Thanks for the photos. How did you attach the top? Hinges? I wonder if it would be easier for me to take it down with a couple of handles on the sides?

Tanya


----------



## Jeffzhear (Dec 2, 2006)

Actually, I get into the box from the bottom. I glue and screw the whole box together, but I don't glue the bottom on. After it drys I just screw the bottom board on with one screw in each corner. Also, I put a 1 1/4 hole in the front, with a nail through the center to keep the birds out.

I try to use 1/2 inch plywood, but have used 3/4. Actually one of the pics is one made from 3/4 and one from half inch.


----------



## Sr. Tanya (Feb 9, 2007)

Jeffzhear,

What is the advantage in having the entrance (yours) from the bottom? How is it an advantage in moving the bees to a permanent hive?
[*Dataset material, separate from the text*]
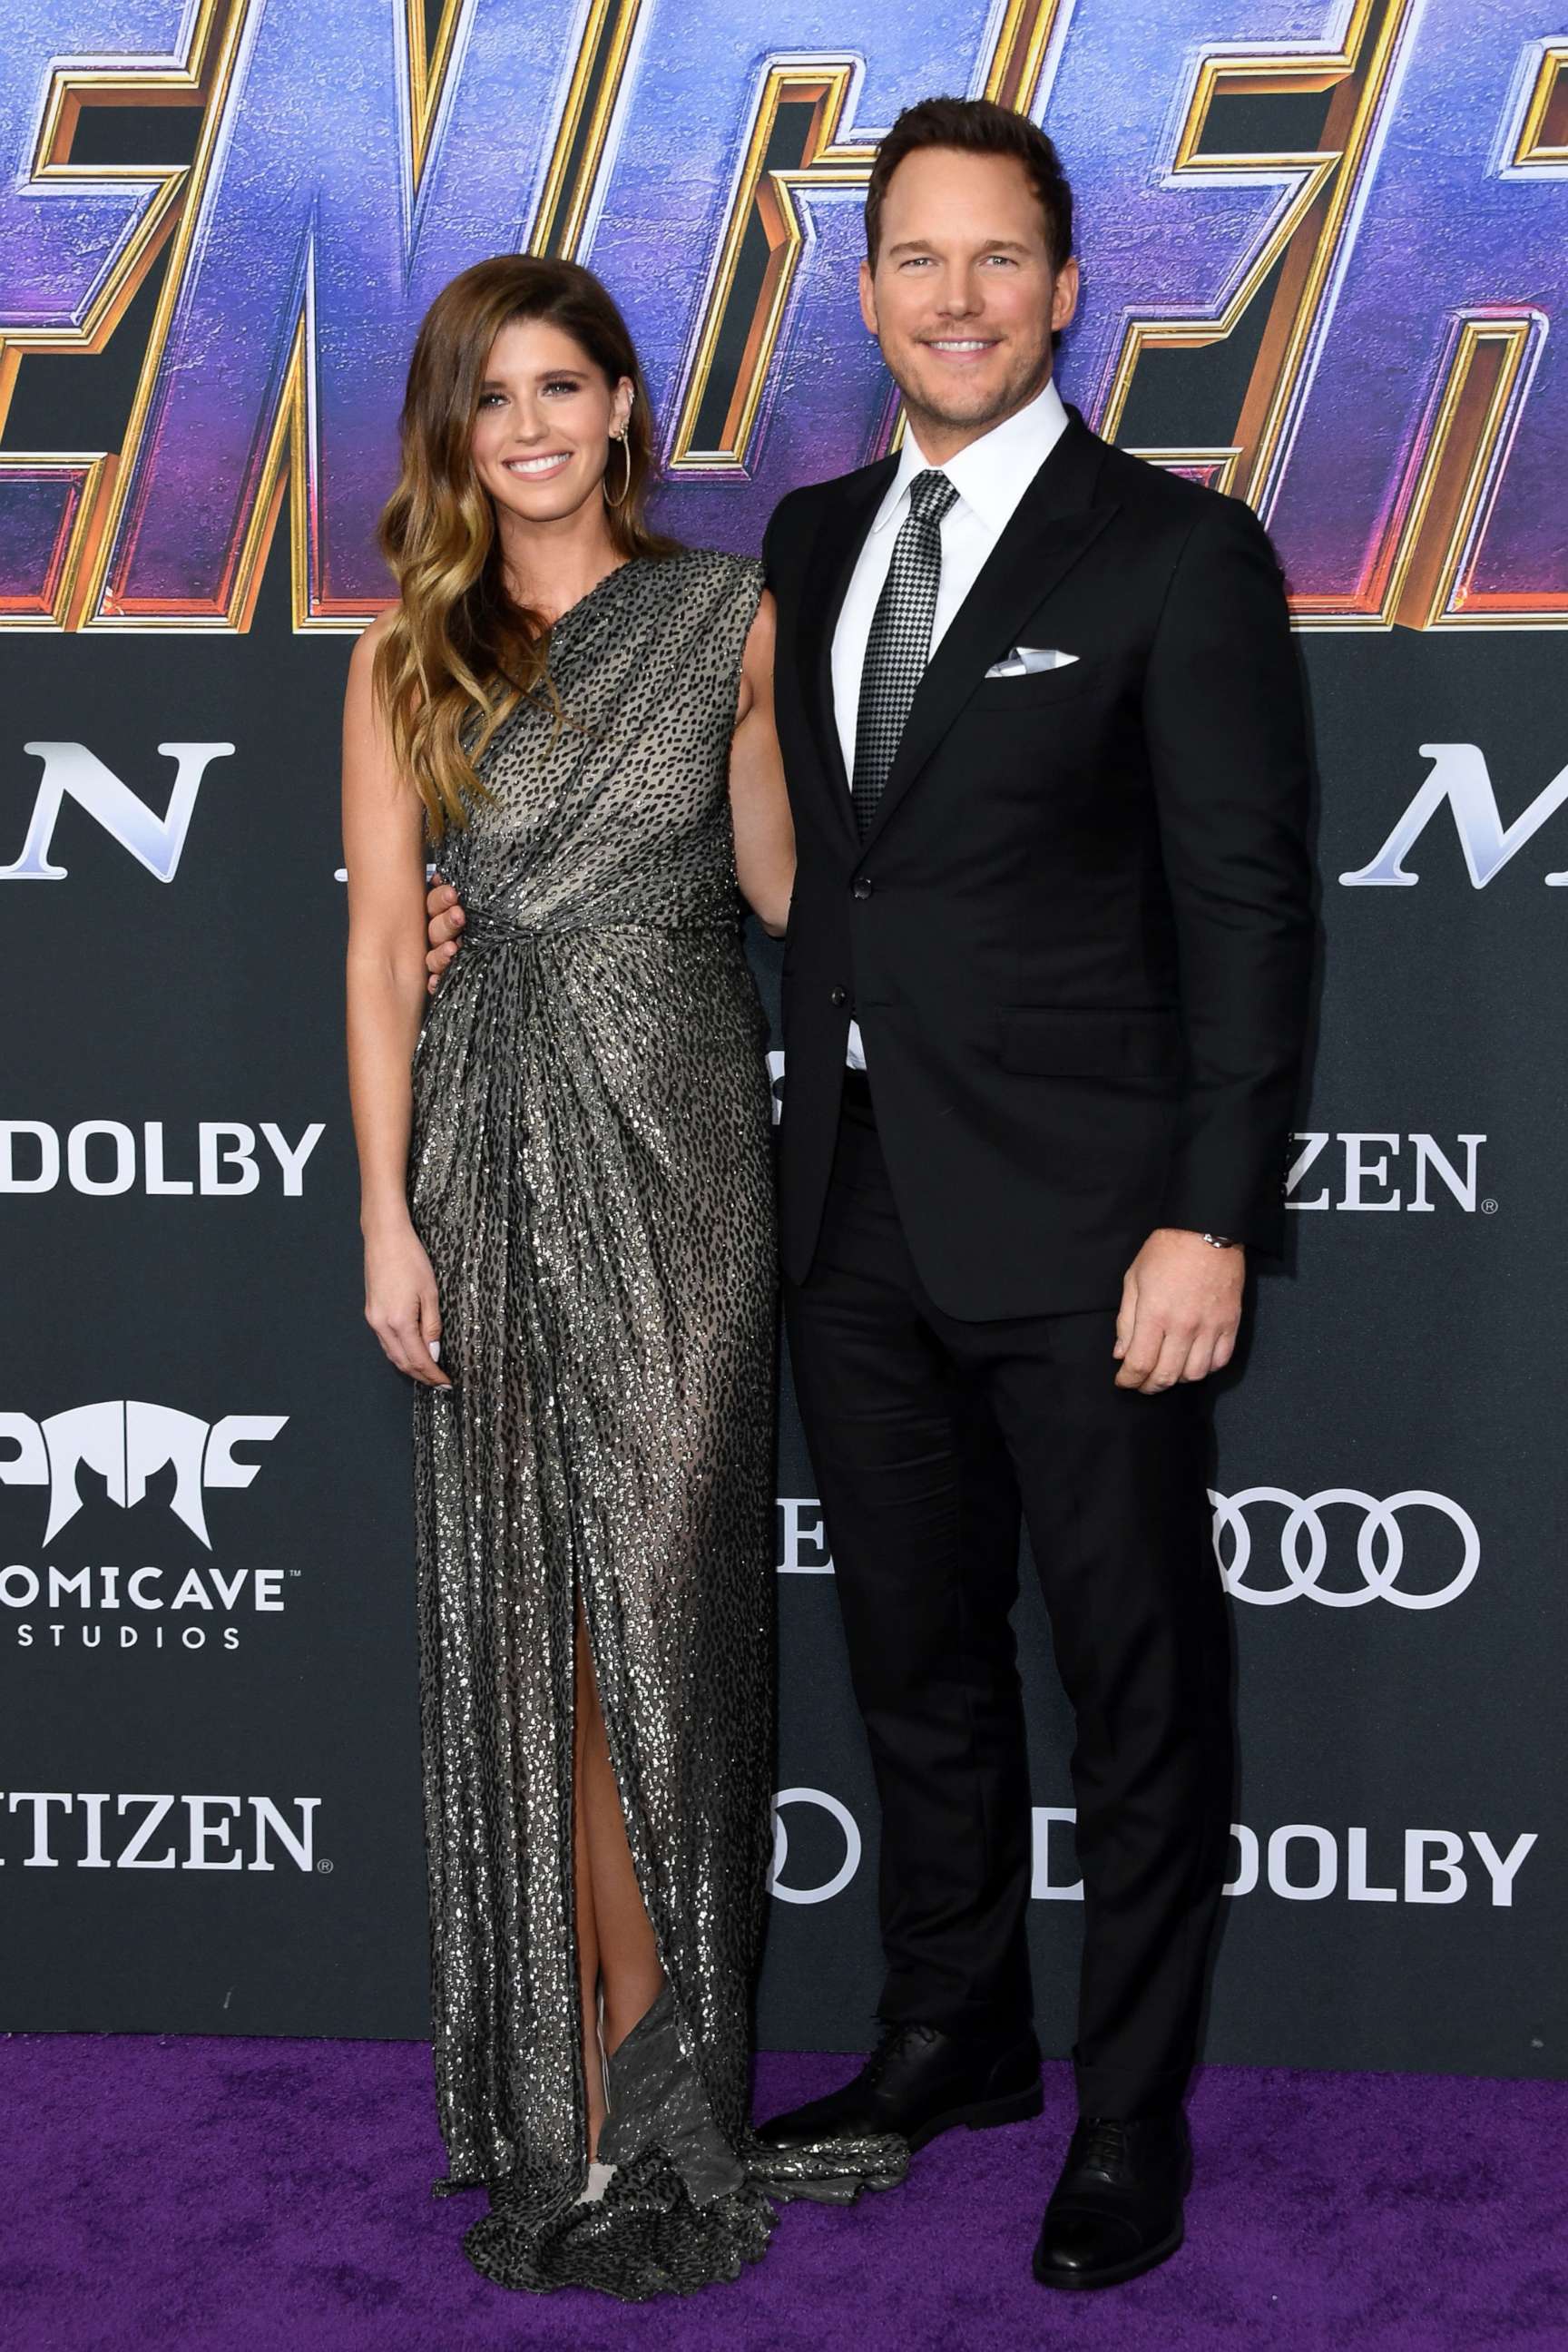 PHOTO: Chris Pratt and Katherine Schwarzenegger arrive for the World premiere of Marvel Studios' "Avengers: Endgame" at the Los Angeles Convention Center on April 22, 2019 in Los Angeles.

I have some scrap 1/2" and 3/4" plywood but I think I'll try it with 1/2"-- Just easier for me to handle it.

Thanks!
Tanya


----------



## odfrank (May 13, 2002)

*I can only say it again....*

If you are building a box why not make it to fit standard frames? Why have the mess of doing a cutout? 
Why have the hassle of getting it out of a tree? I have MS and can't climb. All 20 I caught last year were:
on the ground, or
on the top of a wall or
on top of a potting bench or
on a garden table or
on a deck railing. 

High up is fine but not necessary.

Old comb (most of us have some) and lemongrass oil $5.00).


----------



## Sr. Tanya (Feb 9, 2007)

odfrank,

I will make it fit standard frames. I forgot to ask if Jeffzhear has them in his box.

I only had one swarm, many years ago, that obliged by landing on a shoulder high branch. The other seemed to like high branches or hollow trees- somtimes 30-40' up. Anyway, 10' doesn't seem to high given their track record.

Thanks for the other ideas-- old frames-- and I should be able to find the lemongrass oil nearby.

Thanks!
Tanya


----------